In the case of Dulal Samanta v. D.M., Howrah, the notice was sent to the petitioner of appointing him as a special officer for a period of three months. He complains that his right has been violated as it results in “forced labour”. The Court disregarded his appeal and held that conscription for services of police cannot be considered as either human trafficking, beggar and other any other form of forced labour.

Another case of In the case of Roweina Kahaosan Tangkhul v Ruiweinao Simirei Shailei Khullapka, the Court, however, allowed the appeal and held this customary practice to be violative of Article 23 of the Constitution. It said that when a Khullakpa insists on carrying on the custom, it led to forced labour as the villagers had to do it without receiving wages for it.

In the case of Acharaj Singh v. the State of Bihar, in this case, the cultivators use to carry the foodgrains to government godown without remuneration in a scheme of procurement of food grains as an essential commodity for the community as held by the Apex Court.

Article 24 PROHIBITION OF EMPLOYMENT OF CHILDREN IN FACTORIES, ETC.

It is mentioned in the article that no child below the age of fourteen years shall be employed to work in any factory or shouldn’t be engaged in any other hazardous employment. It is forbidden to engage any child in any employee who is below the age of fourteen and if anybody engages the child to work then he shall be punishable. Child labour hampers the growth and mental health of the child. It also disables them to live their fun-filled childhood.

Article 39 of the Constitution of India states that the state must ensure that the child below the age of fourteen is not forced to work by the economic necessity to enter into the fields of work.

In the case of People’s Union for Democratic Rights v. Union of India, the petitioner observed the working condition in which workers are involved in the Asiad project. He also observed that children below the age of fourteen are also employed. However, it was concluded that it was not against the Employment of Children Act, 1986 as the act doesn’t list construction as a hazardous industry. It was held that the work in the construction industry falls under hazardous industry even though it is not mentioned explicitly in the Employment of Children Act, 1986 and the court also advised the state government to amend the omission and should include the construction industry into the hazardous industry. In the case of Salal Hydro Project v. State of J&K where again it was held that children below the age of fourteen years should not be engaged in any hazardous industry as it violates Article 24.

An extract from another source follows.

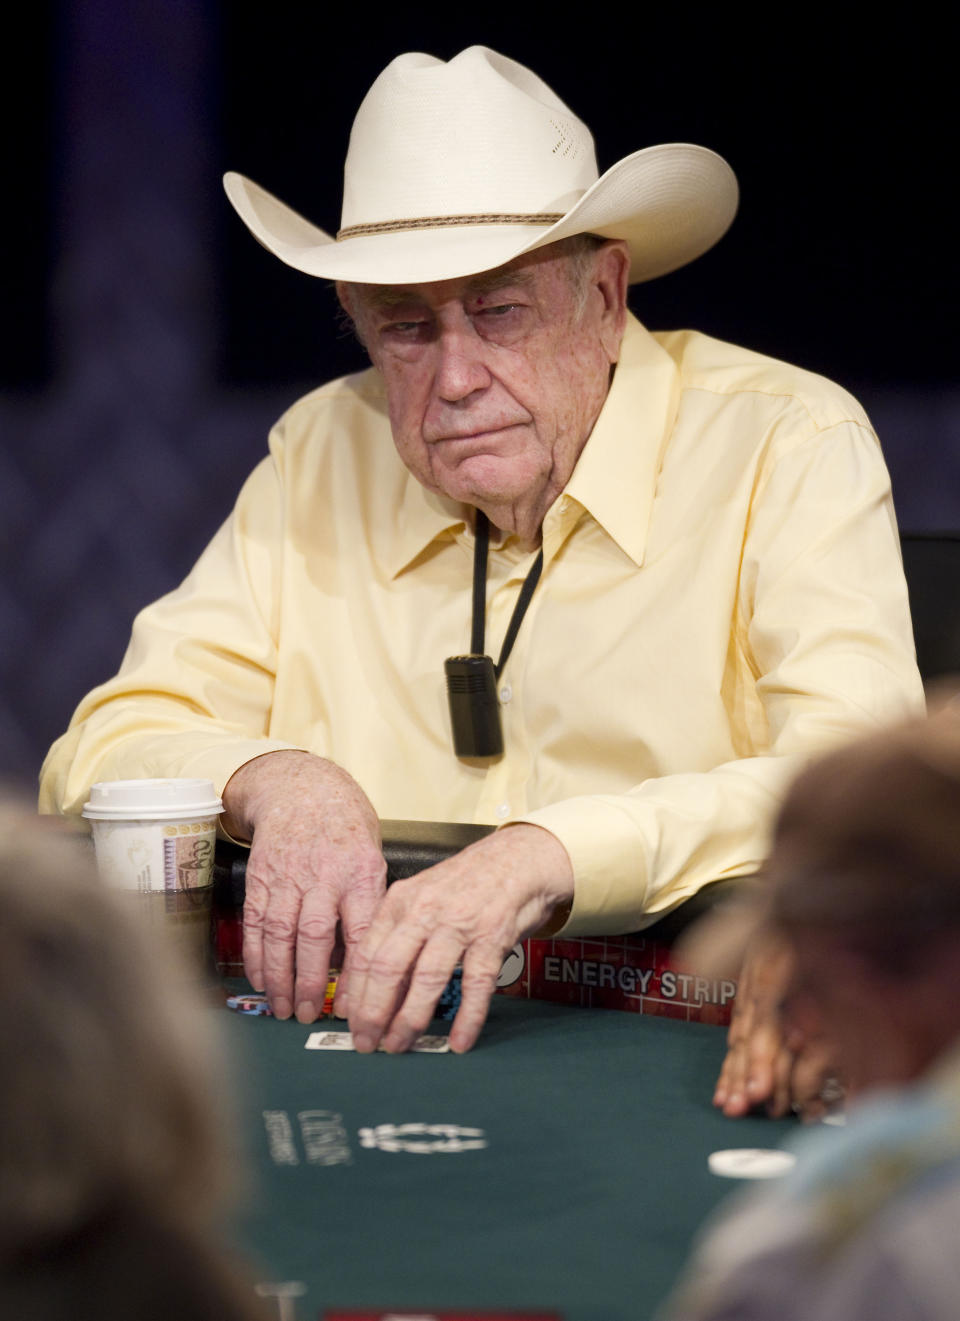 FILE - Doyle Brunson competes on the first day of the World Series of Poker, on July 7, 2011, at the Rio All-Suite Hotel & Casino in Las Vegas. Brunson, one of the most influential poker players of all time and a two-time world champion, died Sunday, May 14, 2023, according to his agent. He was 89. (AP Photo/Eric Jamison, File)
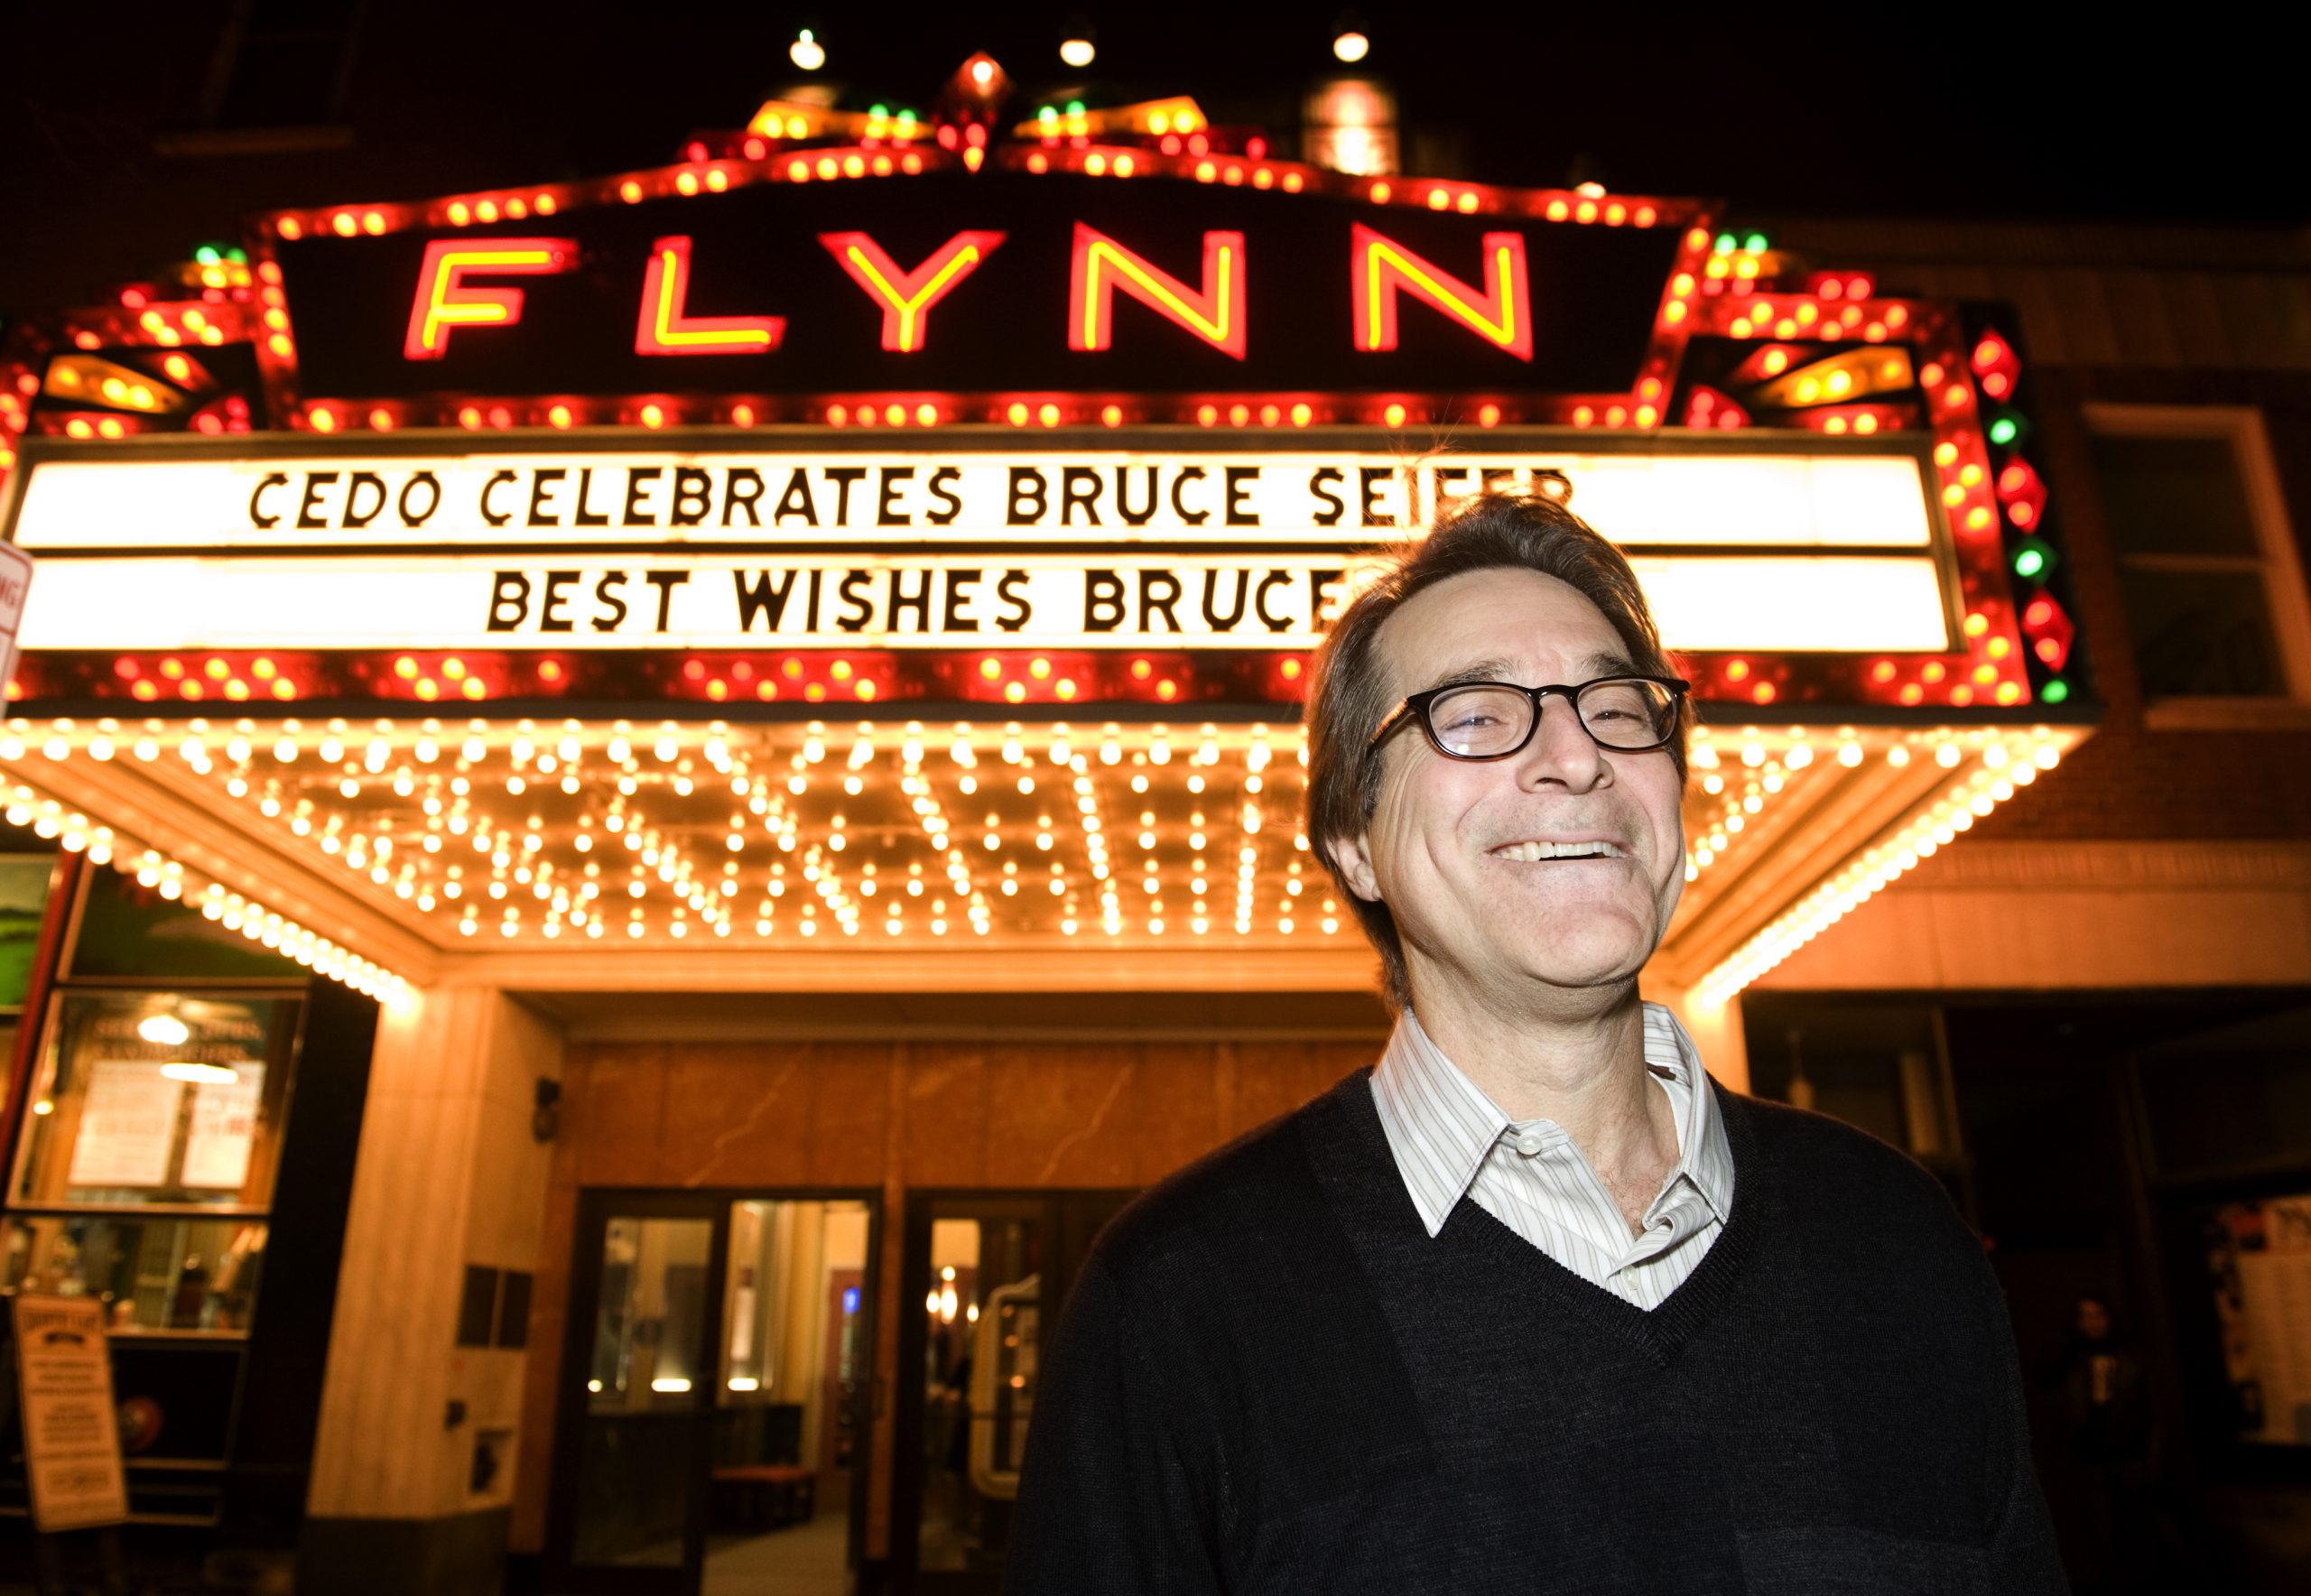 Famed Economic Development Professional Bruce Siefer in front of the marquee for the Flynn Theatre, downtown Burlington, VT. Full color photo taken at night.

M.C. Mehta v. State of Tamil Nadu

A person named Sivakasi had employed so many children who are below the age of fourteen. They all were engaged in the manufacturing process of matches and fireworks. The court observed the qualified as a hazardous industry. The court stated that children below the age of fourteen years shouldn’t be engaged in any hazardous industry and they must see that children get the education till they attain the age of fourteen. The Court also considered Article 34(e) which states that the tender age of children must not be abused and they must be allowed to develop in a healthy manner. The court held that the employer Sivakasi must give compensation of Rs. 20000 to every child in contravention to Child Labour Act, 1986.

 CONCLUSION 

So, we can conclude that the right against exploitation is basically a right to protect the dignity and respect of every citizen. It protects the people from getting exploit. There are many areas in the country where “untouchables” were being exploited in several ways by the higher castes and richer classes. For instance, in many industries in India like brick kilns, carpet weaving, embroidery, etc., many Bangladeshi and Nepali migrants are being subjected to forced labour. This is seen as employers recruit them through fraud and debt bondage. Such exploitation must be eradicated. 

Also, Child labour is a bane for the nation. It is a shameful practise that harms the welfare and development of the children as well as the entire nation. India still has approximately 30 million child labourers. This is horrifying and It is high time to eradicate this horrible practice and punish the offenders.